*Goal of the exercise*.
The pictures stay out; all of the data is to be printed exactly.

*Exercise data*.

'''

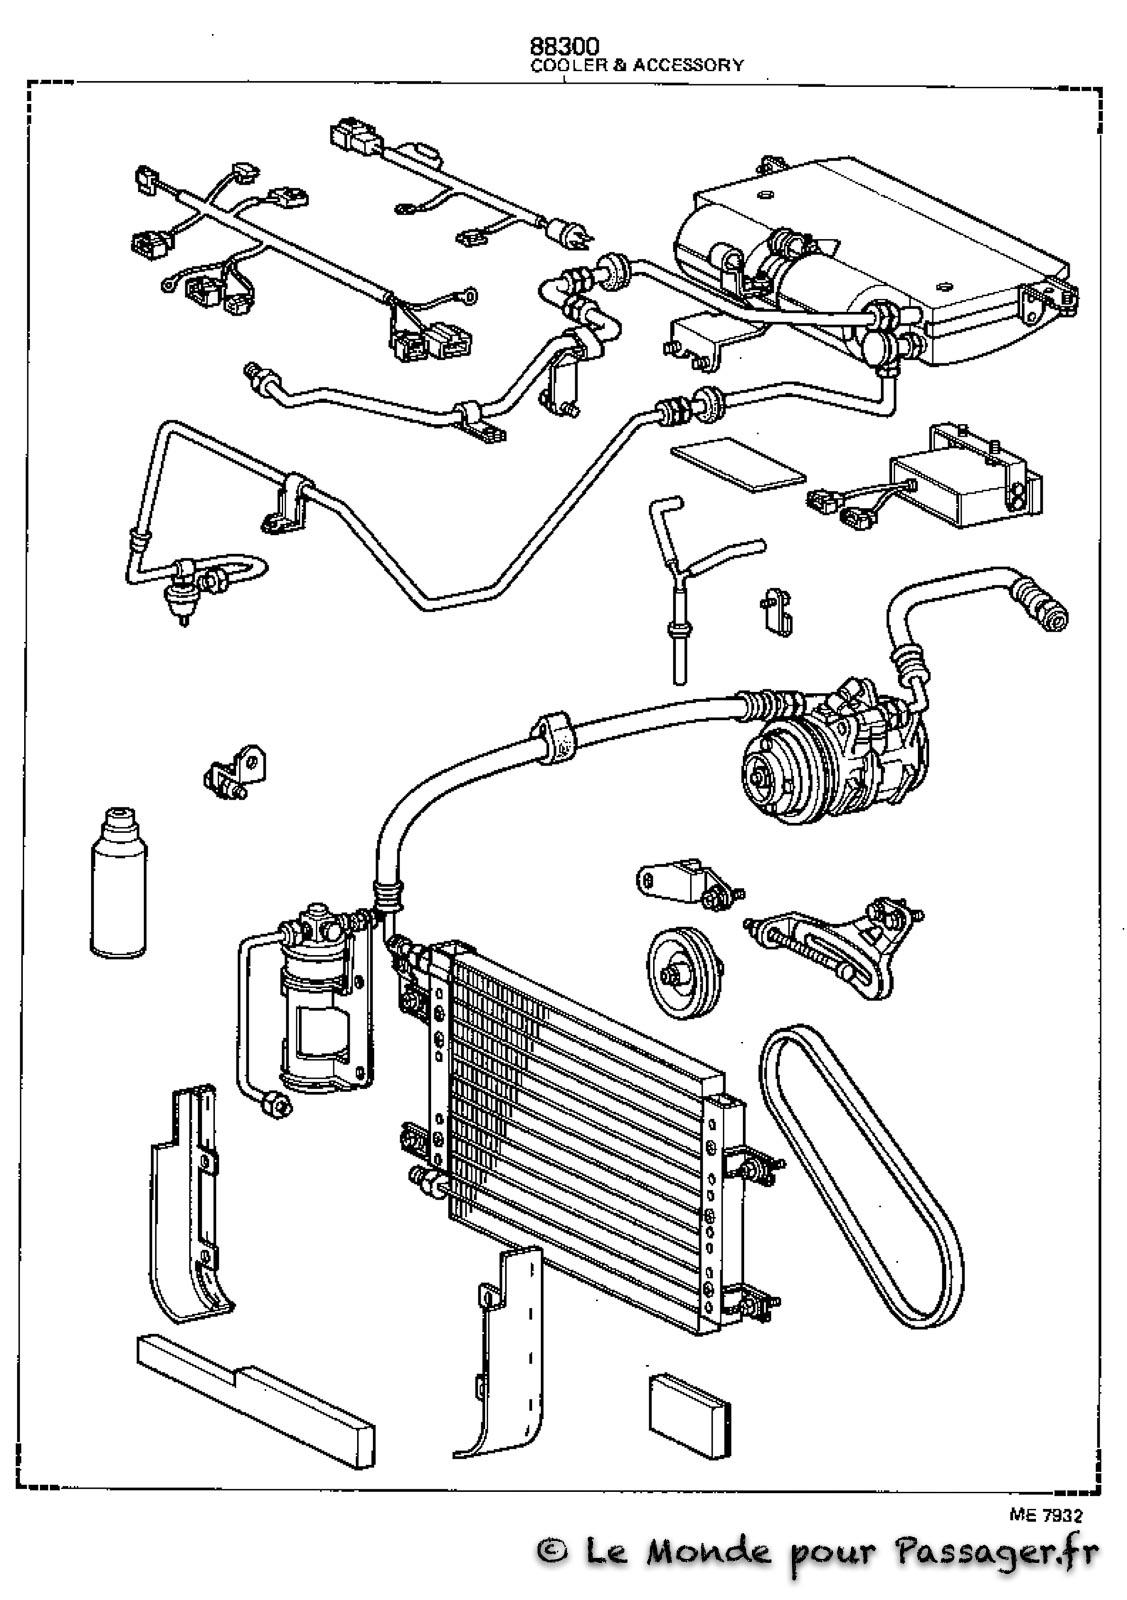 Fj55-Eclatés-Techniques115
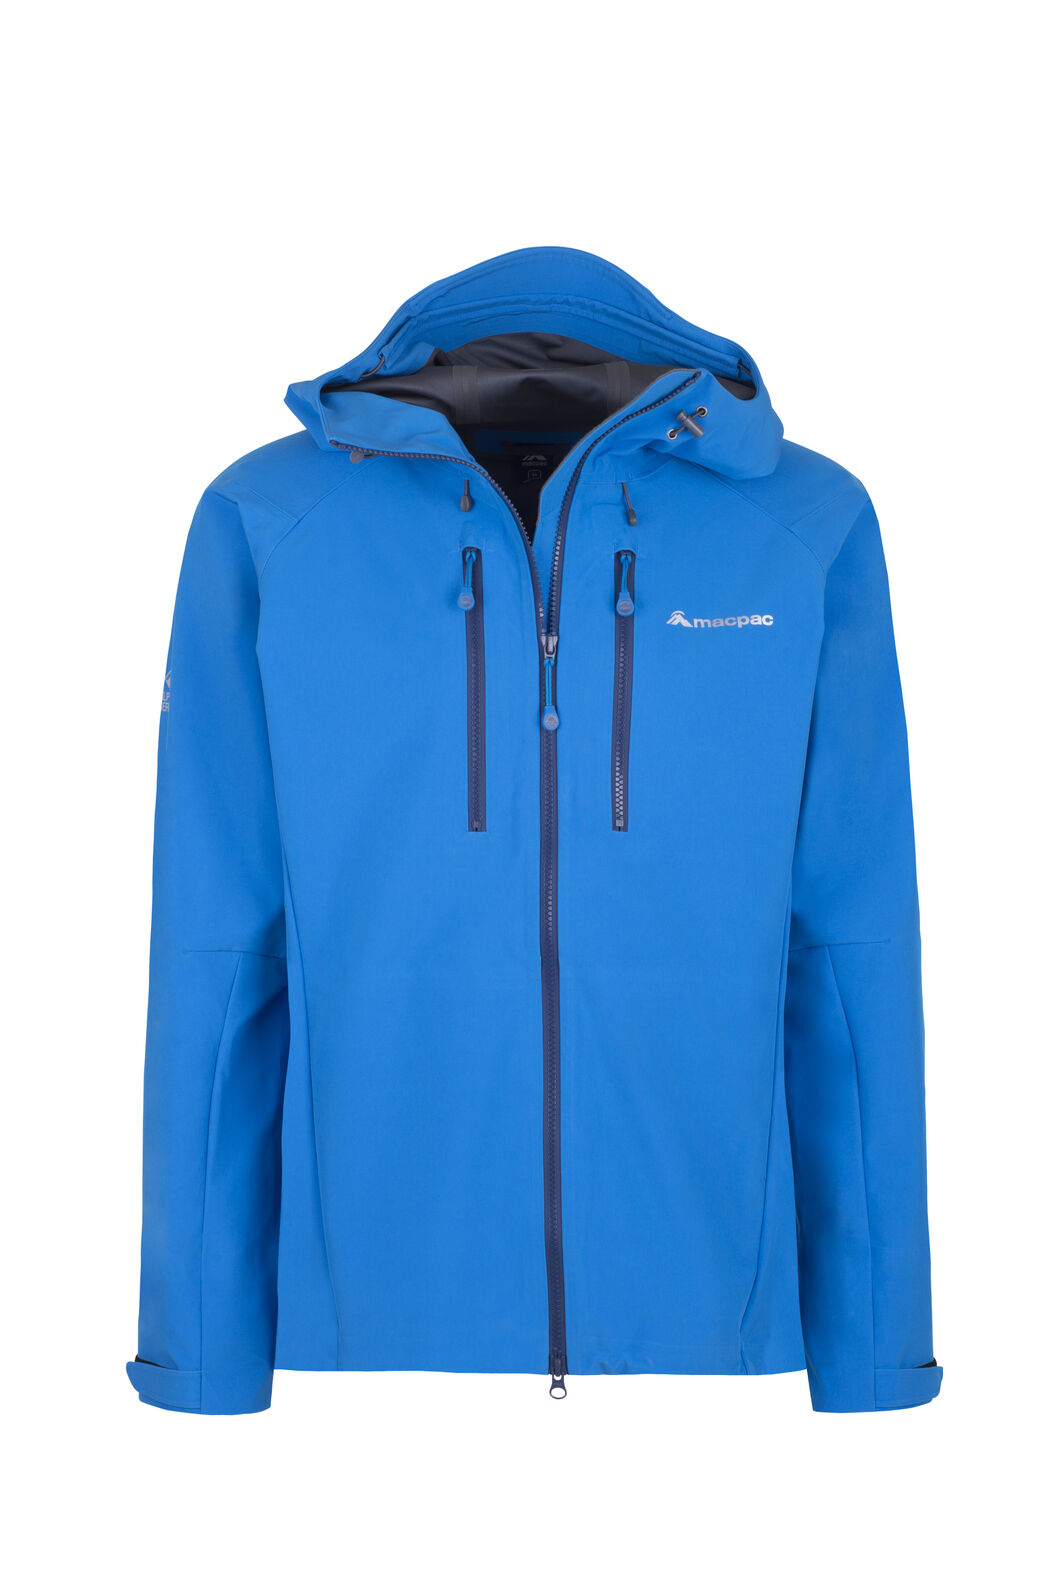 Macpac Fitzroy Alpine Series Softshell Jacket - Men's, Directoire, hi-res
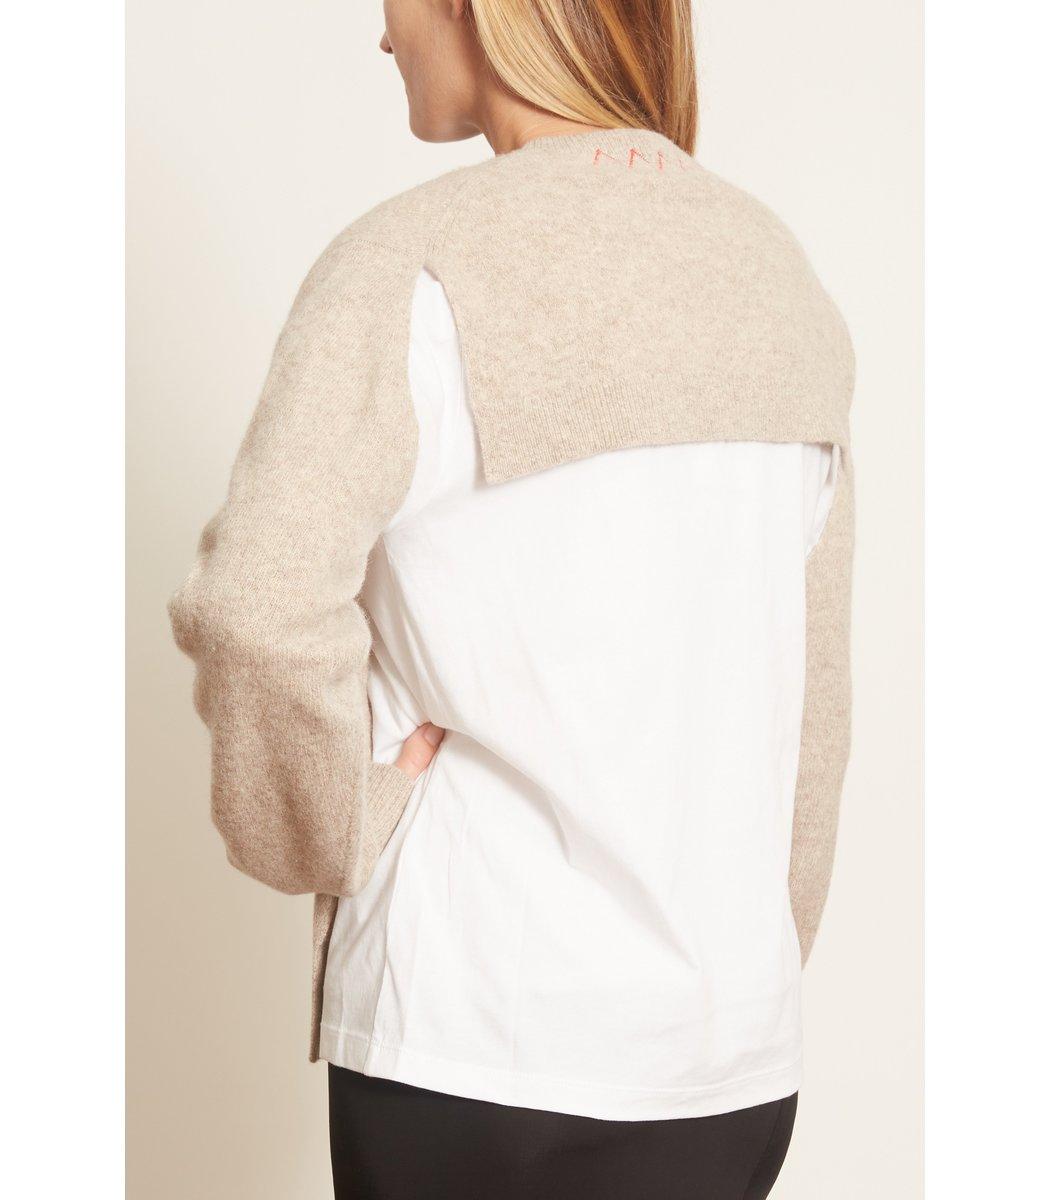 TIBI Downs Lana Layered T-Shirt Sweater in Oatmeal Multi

'''

*Solution to the problem*.
 Fj55-Eclatés-Techniques115
 Macpac Fitzroy Alpine Series Softshell Jacket - Men's, Directoire, hi-res
 TIBI Downs Lana Layered T-Shirt Sweater in Oatmeal Multi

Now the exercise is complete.